▶ **TASK DETAILS**
Write the listing out again word for word, leaving each picture behind.

▶ **DATA PROVIDED**
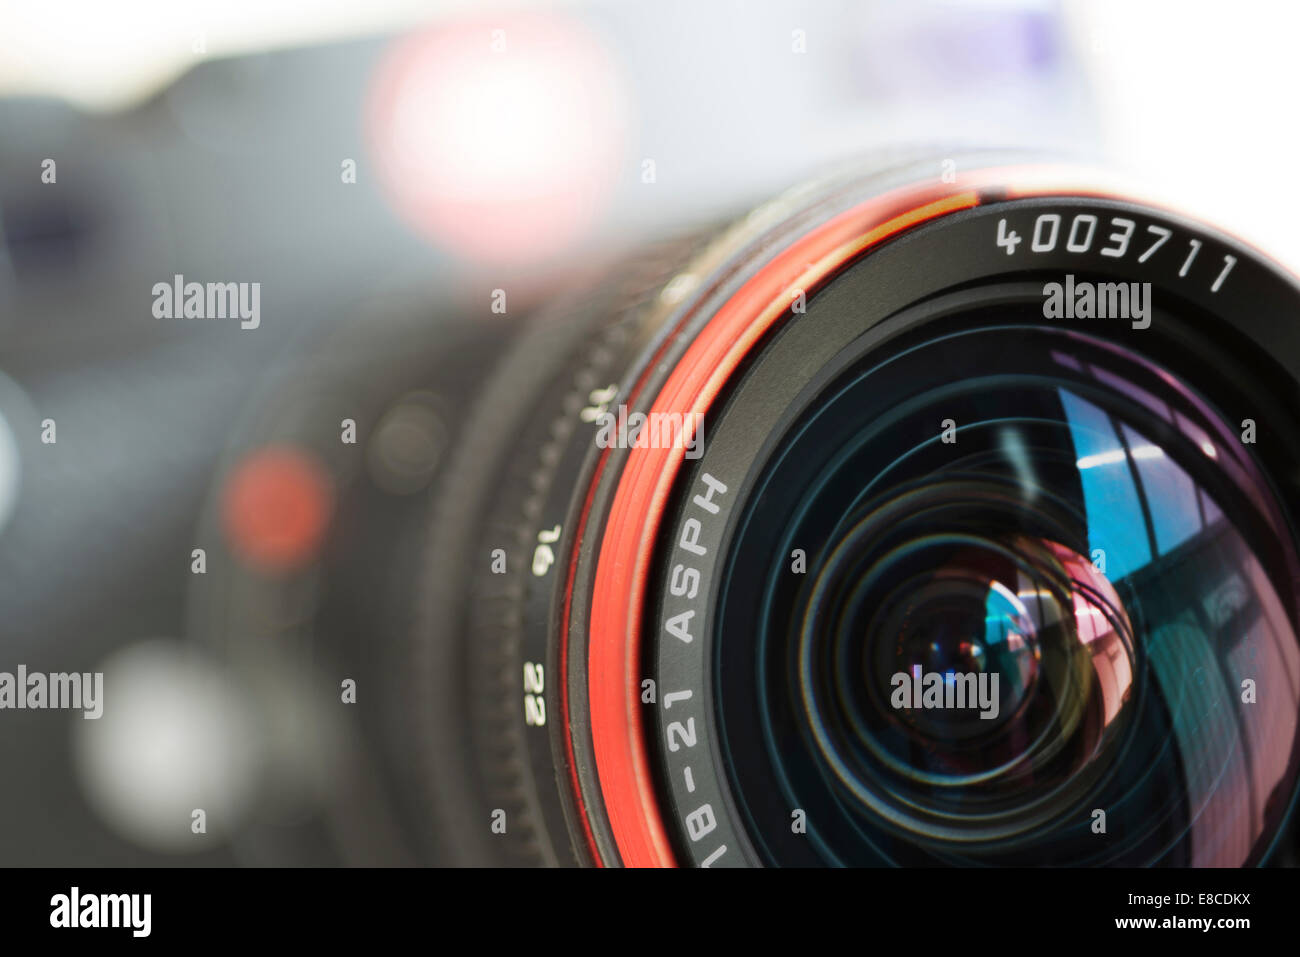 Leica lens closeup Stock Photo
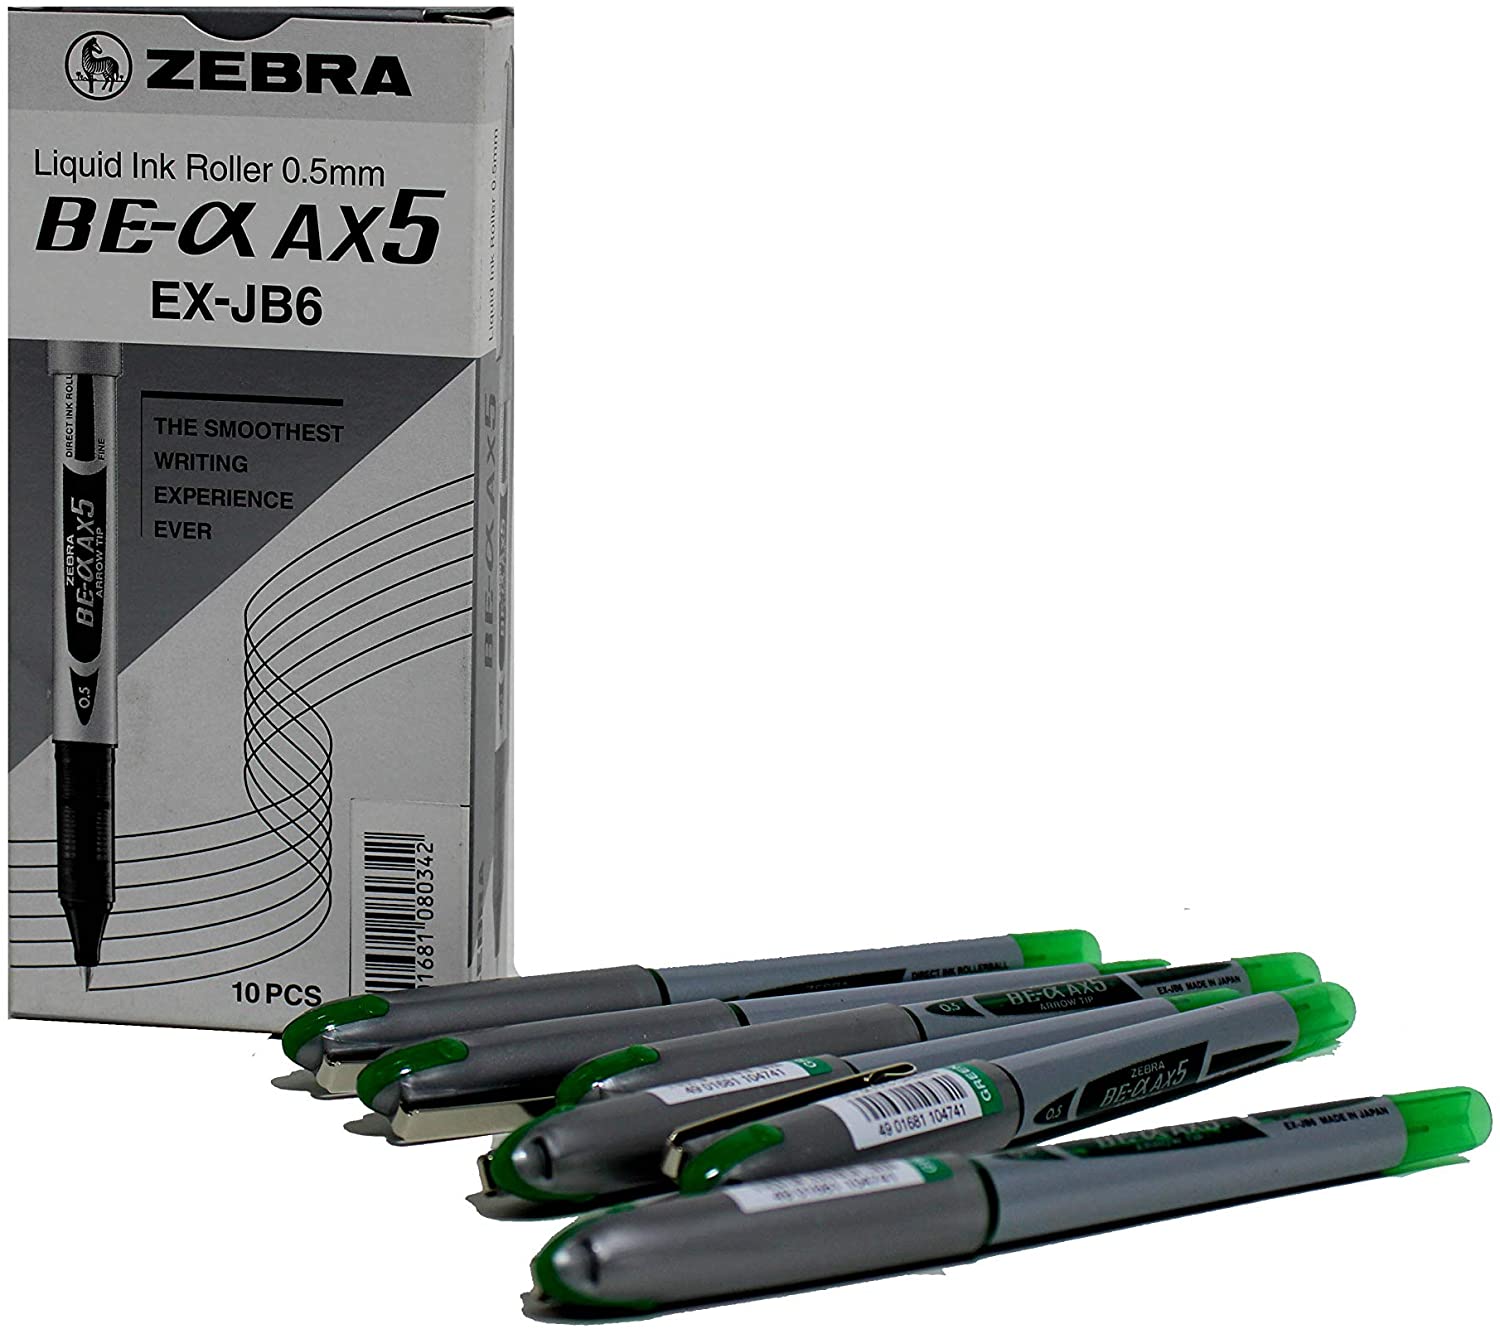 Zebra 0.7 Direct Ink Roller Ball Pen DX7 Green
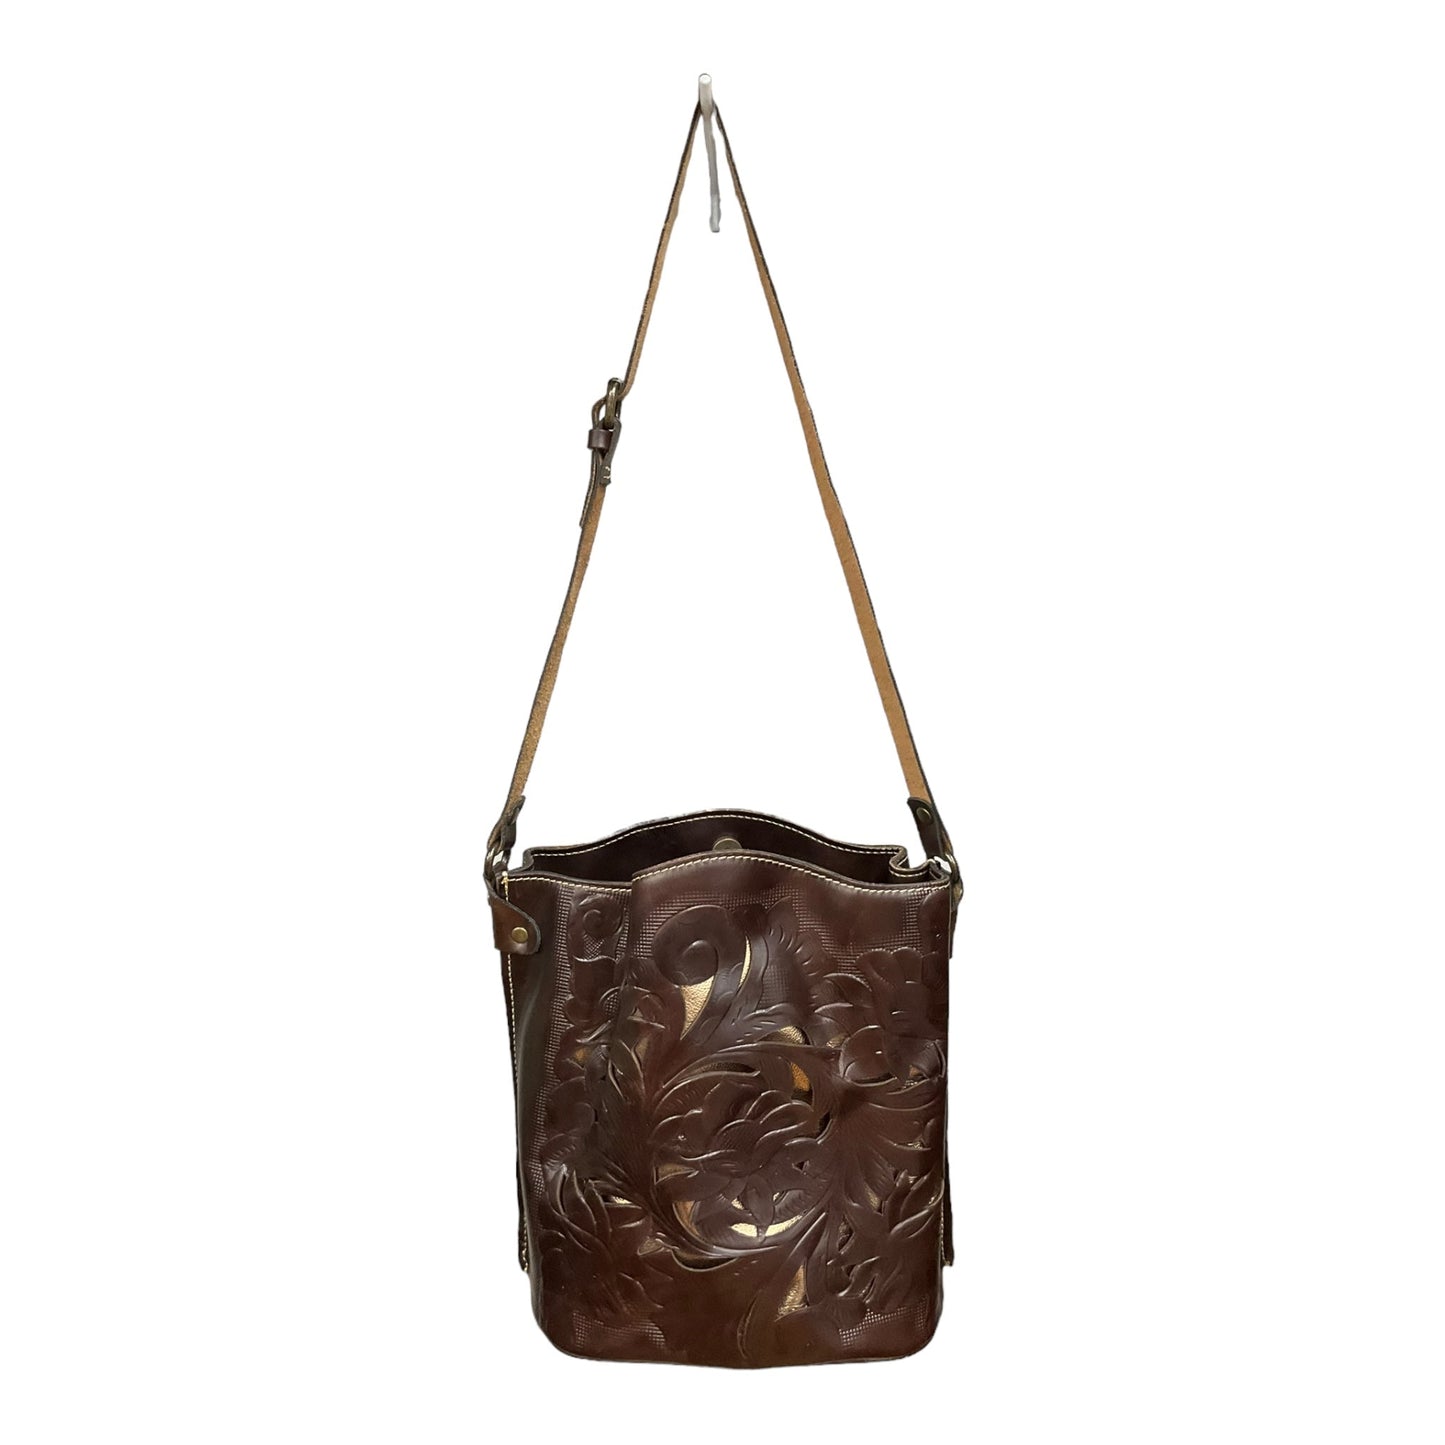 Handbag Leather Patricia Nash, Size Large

▶ **TASK RESULT**
 Leica lens closeup Stock Photo
 Zebra 0.7 Direct Ink Roller Ball Pen DX7 Green
 Handbag Leather Patricia Nash, Size Large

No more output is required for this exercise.